Он бросил последний взгляд в окно — за стеклом раскинулся серый, невыразительный город, его улицы, растворённые в утреннем тумане.
«Ещё один человек, который может изменить мой путь. Или я изменю его?».
Он поднялся, накинул халат, застегнул его на все пуговицы, словно броню, и шагнул в коридор, чувствуя, как за его спиной медленно закрывается дверь.
Дверь открылась медленно, словно уступая место человеку, который привык не торопиться. Вошедший двигался неторопливо, но без тени колебания, с той уверенностью, которая бывает у людей, привыкших к власти — не внешне показной, а внутренне укоренённой, словно ставшей частью самого дыхания. Он шагнул внутрь, позволив двери тихо закрыться за спиной, и Мирослав ощутил, как пространство кабинета незримо изменилось, будто в него внесли новый закон, новую структуру, новый порядок.

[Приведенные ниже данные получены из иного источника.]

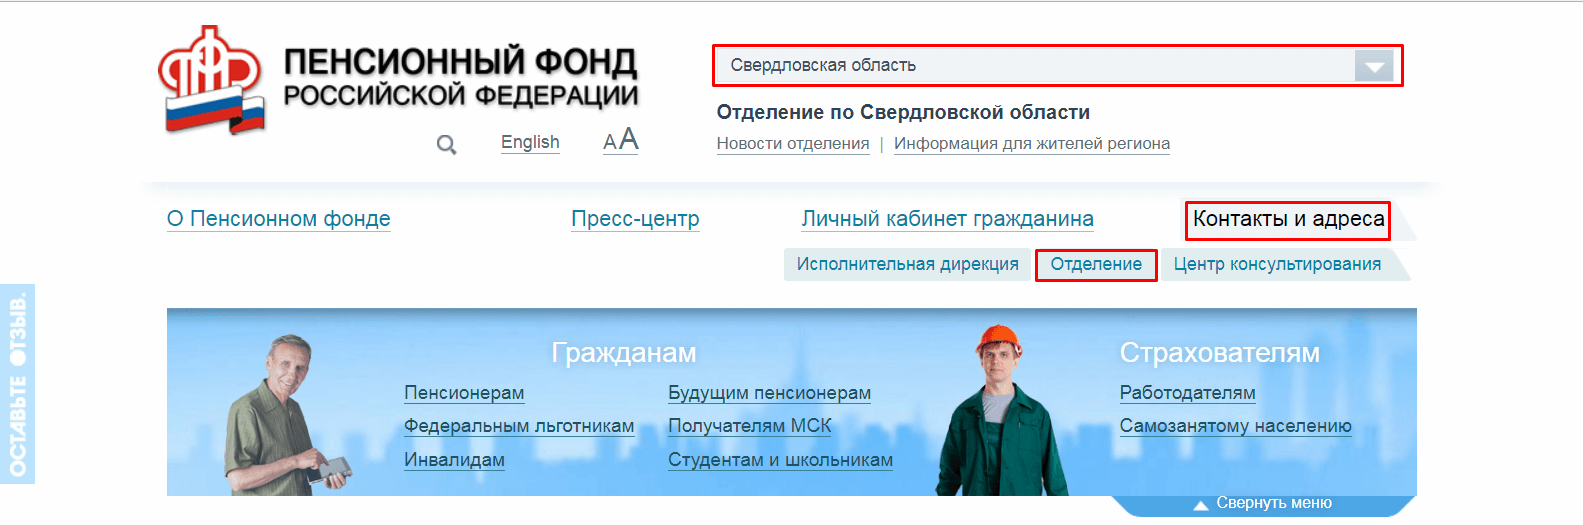 Пенсионный фонд Екатеринбург

Мужчина был высок, статен, но в его осанке сквозила какая-то едва уловимая тяжесть, не физическая, а идущая изнутри, словно он нёс на себе годы решений, компромиссов, побед и поражений, которые больше никто не помнил, но которые отпечатались на его плечах. Глубокие морщины, будто прочерченные ножом, пересекали лоб и линию скул, но взгляд был ясным, цепким, полным той неумолимой внимательности, которая отличает людей, привыкших видеть чуть больше, чем остальные.

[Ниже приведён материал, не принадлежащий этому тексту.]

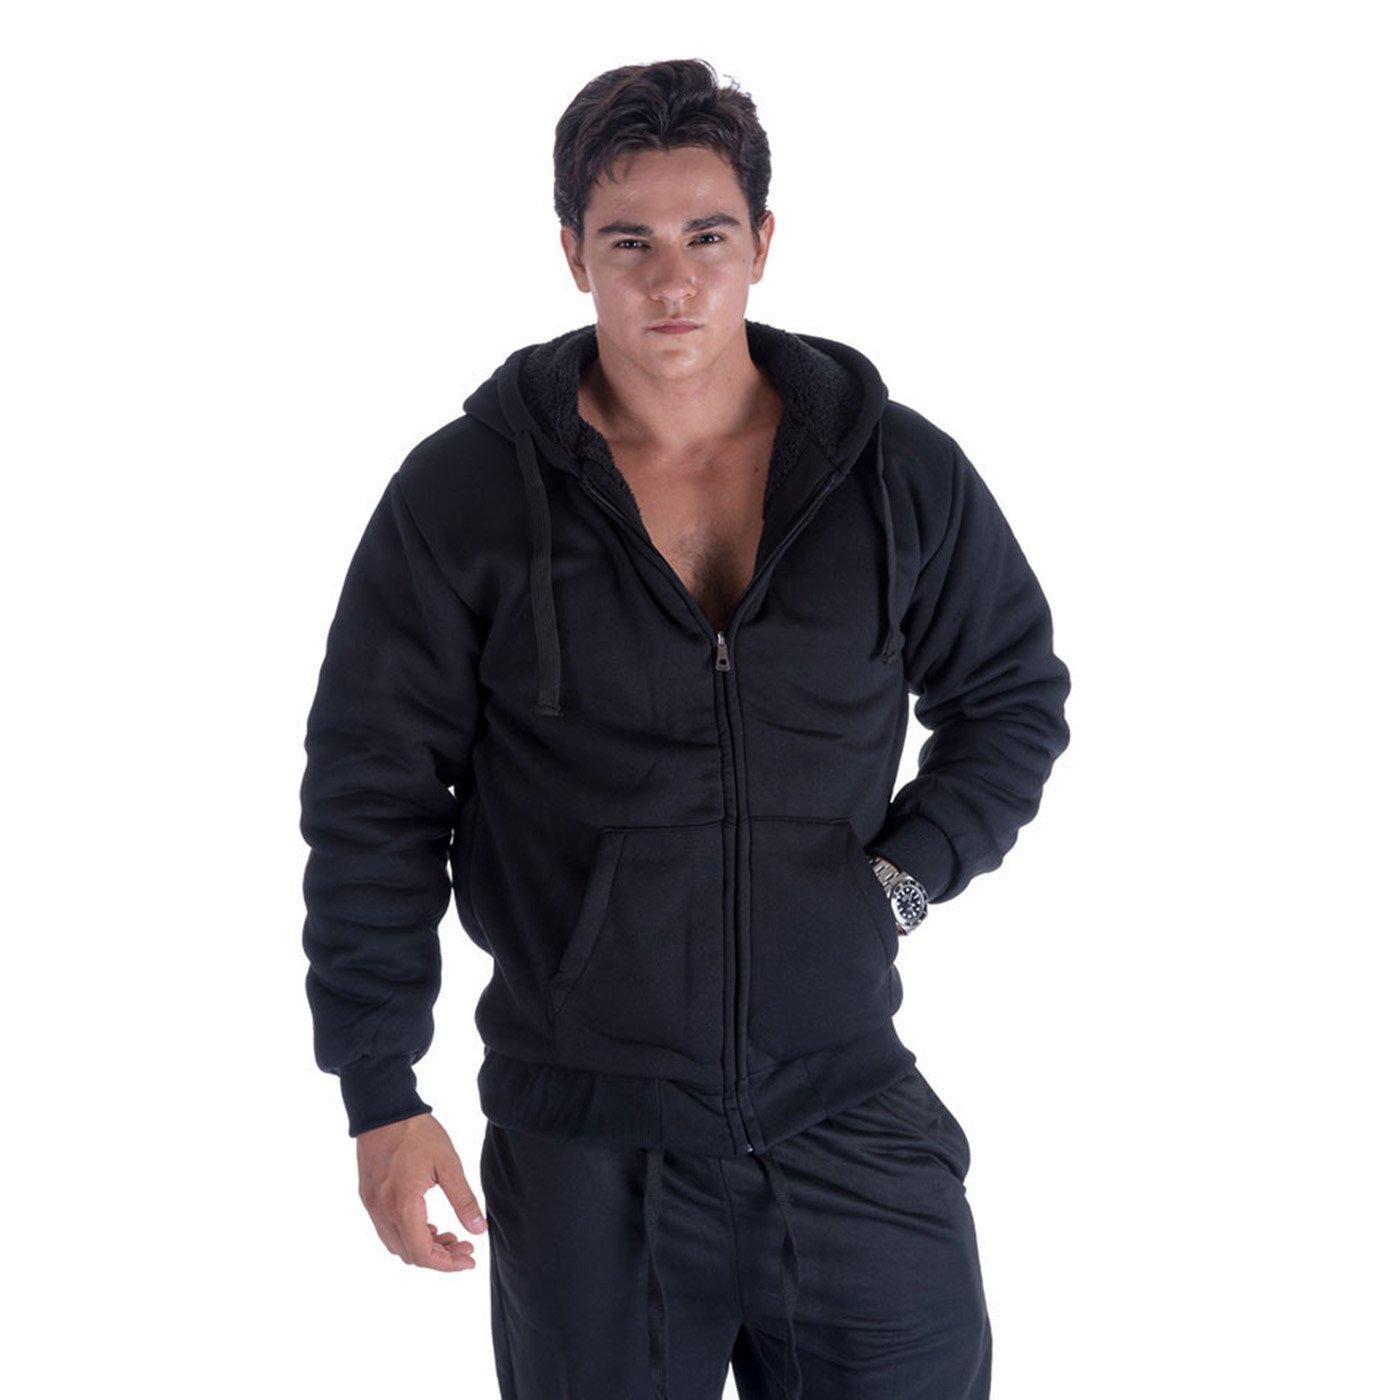 Erin Garments Mens Zip Front Hoodie Oversized Heavyheight Sherpa Lined Sweatshirt Black Grey Long Sleeve Jacket (5X-Large, Black)

На нём был безупречно сидящий тёмный костюм, строгий, подчёркнуто сдержанный, но в этой сдержанности было нечто торжественное. Галстук завязан с точностью, которая выдаёт либо железную дисциплину, либо безупречную привычку контролировать каждую деталь. Он выглядел так, будто только что сошёл со старых чёрно-белых фотографий — тех самых, что Мирослав помнил из исторических архивов.
«Он не просто привык командовать. Он жил этим всю свою жизнь».
Пациент остановился напротив стола, не спеша сесть, не спеша заговорить. Он изучал Мирослава так, как изучают соперника перед началом шахматной партии — не торопясь, но с точностью, с заранее подготовленными ходами. Мирослав выдержал его взгляд, не двигаясь, не отводя глаз.
— Доброе утро.
Голос мужчины прозвучал низко, слегка хрипловато, но это был не голос уставшего человека, а голос человека, привыкшего говорить ровно столько, сколько требуется, и не больше.
— Доброе, — ответил Мирослав, также не торопясь. Он смотрел на него спокойно, но внутри не мог не чувствовать странного предчувствия. — Чем могу вам помочь?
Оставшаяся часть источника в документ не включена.